Roland and Lasky both stared at me for a good long minute.

I shifted. "What?" I demanded.

"He what? You what? Are you serious?" Lasky said, his voice going up a couple octaves.

"Yes. He what, I what, and I'm serious." I sighed again. "Roland, can you please just send a distress call to whoever needs to know that I've taken the ship hostage? Oh, and let them know that I destroyed the door to the bridge so no one can get in. Not without proper cutting tools, at least. And if they do, I'll shoot Lasky."

Lasky looked betrayed. "You'll shoot me? Why!?"

I rolled my eyes. "Because I'm taking the ship hostage to create a diversion. Seriously. How many times do I have to explain this?"

Roland raised an eyebrow at me. "Okay. I'll send the message. But you should know that once it's out, you're pretty much screwed."

"I'm aware." I told him.

"No, Roland. Don't." Lasky ordered.

"Do it, Roland." I growled.

"No, Roland. That's an order." Lasky said, his voice going into that commanding voice he always ordered his staff around with. "Adams, put the gun down. Don't do this. Put it down, walk away, and we'll pretend this never happened. You're throwing away your career and possibly your life over this."

I closed my eyes briefly, then opened them again. "You risked all that, once. I'm doing the same thing."

Lasky shook his head. "The worst I could've been hit with was insubordination. This is treason."

I took a deep breath. "I know."

Lasky shook his head again, looking at me with those soulful eyes. "What about Thel, Adams?"

I took a step back, unwillingly, like someone had pushed me. "Don't throw that at me, Lasky. Roland, send the message." I said, my voice becoming rough, unlike the way I usually spoke.

"Adams-" Lasky said, stepping forward.

"DO IT, ROLAND!" I yelled, pointing the gun at Lasky.

Lasky stopped, and Roland shook his head. "No. You're insane."

"Yeah. I am." I murmured, then pointed the gun at Lasky's leg. "Send the message. I'm serious."

"No you're not-" Roland started to say.

He didn't get the chance to finish, because I fired the gun into Lasky's upper leg.

He dropped to the floor, making a gutteral noise of pain.

I fixed my gaze on Roland. "I just made a declaration of intending to take your captain hostage, and now I just shot him. Send the message."

Roland looked horrified. "Adams. Why would-"

"Send it!" I shouted.

"He's going to bleed out!" Roland shouted back.

"For fuck's sake, Roland. I'm a fucking doctor. Jesus. He's going to be fine. I brought pain meds with me. It's a flesh wound. Holy shit. Just send the goddamned message before I punch my way through the console!" I shouted at him.

Lasky grunted out something that sounded like, "I hate you so much, Adams."

Roland went to say something, then stopped. "Okay. I'll send it." His avatar disappeared from the console.

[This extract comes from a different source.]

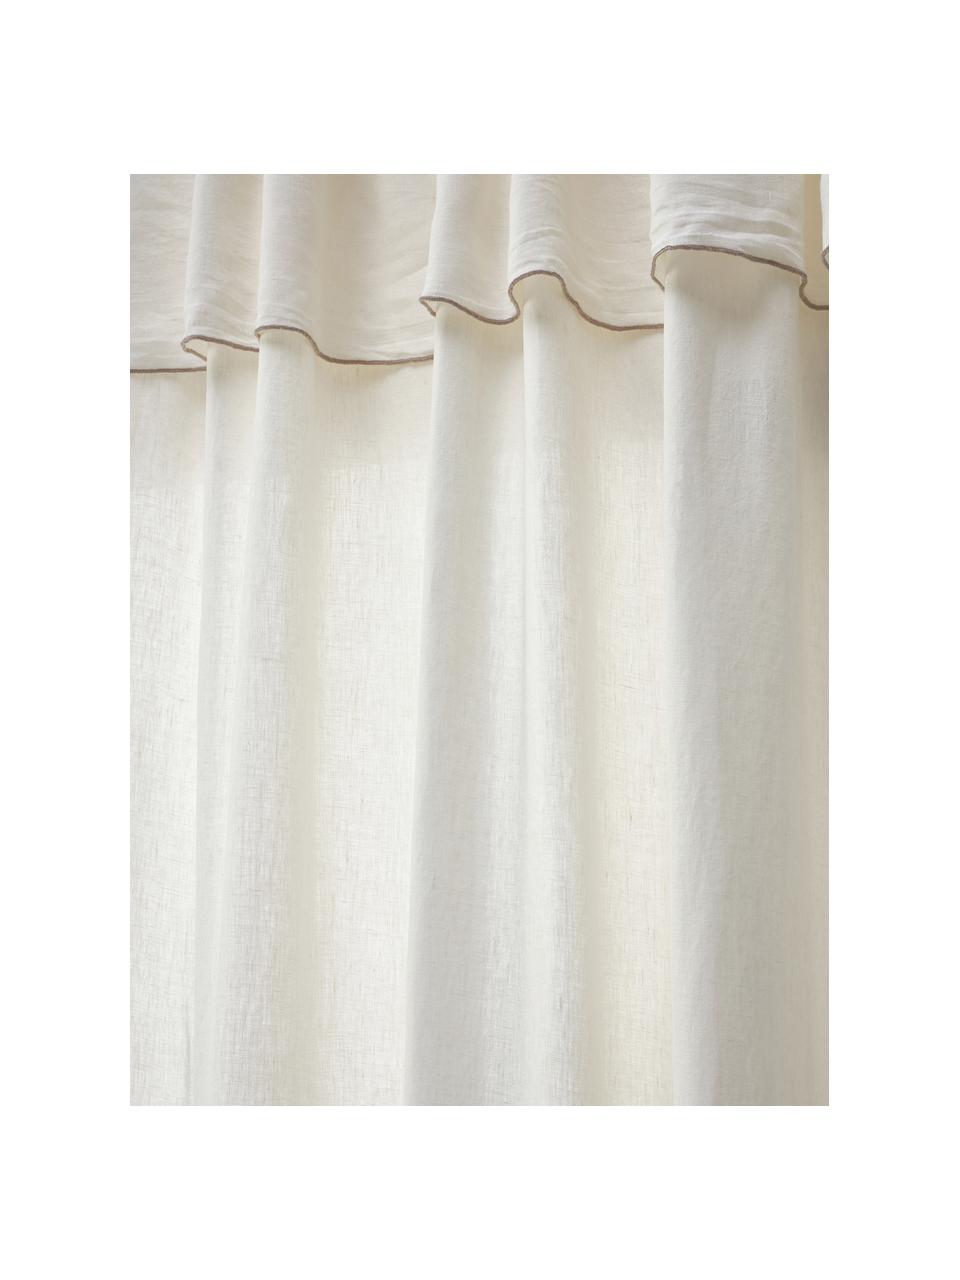 Cortinas semitransparente de lino con dobladillo Eleonara, 2 uds., 100% lino, Blanco crema, gris pardo, An 145 x L 260 cm

I moved to Lasky's side, and lifted the medical bag I'd brought with me off my shoulder. "I'm sorry. I hope you know I'm doing this for the greater good." I stabbed Lasky with a syringe of a strong painkiller. "Just know that you're not going to die, and if you end up wounded, you'll get some quality medical care."

Lasky grunted out a shaky laugh that was affected by the pain he was obviously in. "Adams, while I don't blame you for doing this, and to a certain extent, I admire your resolve in taking a UNSC ship hostage, if you shoot me again, I will plant my fist in your face with as much force as I can. This hurts."

I looked him. He looked equal parts shocked, amused and an incredulous. "You know what, sir? When this is all over, come find me. I'll let you punch me in the face as many times as it takes for you to feel better. I probably owe you that."

Lasky shook his head and let out another shaky laugh. "Goddamn you, Adams. I hope you know what you're doing."

I sat back on my knees and threw a look towards the ceiling. "I know exactly what I'm doing-I'm doing something that will most definitely end badly."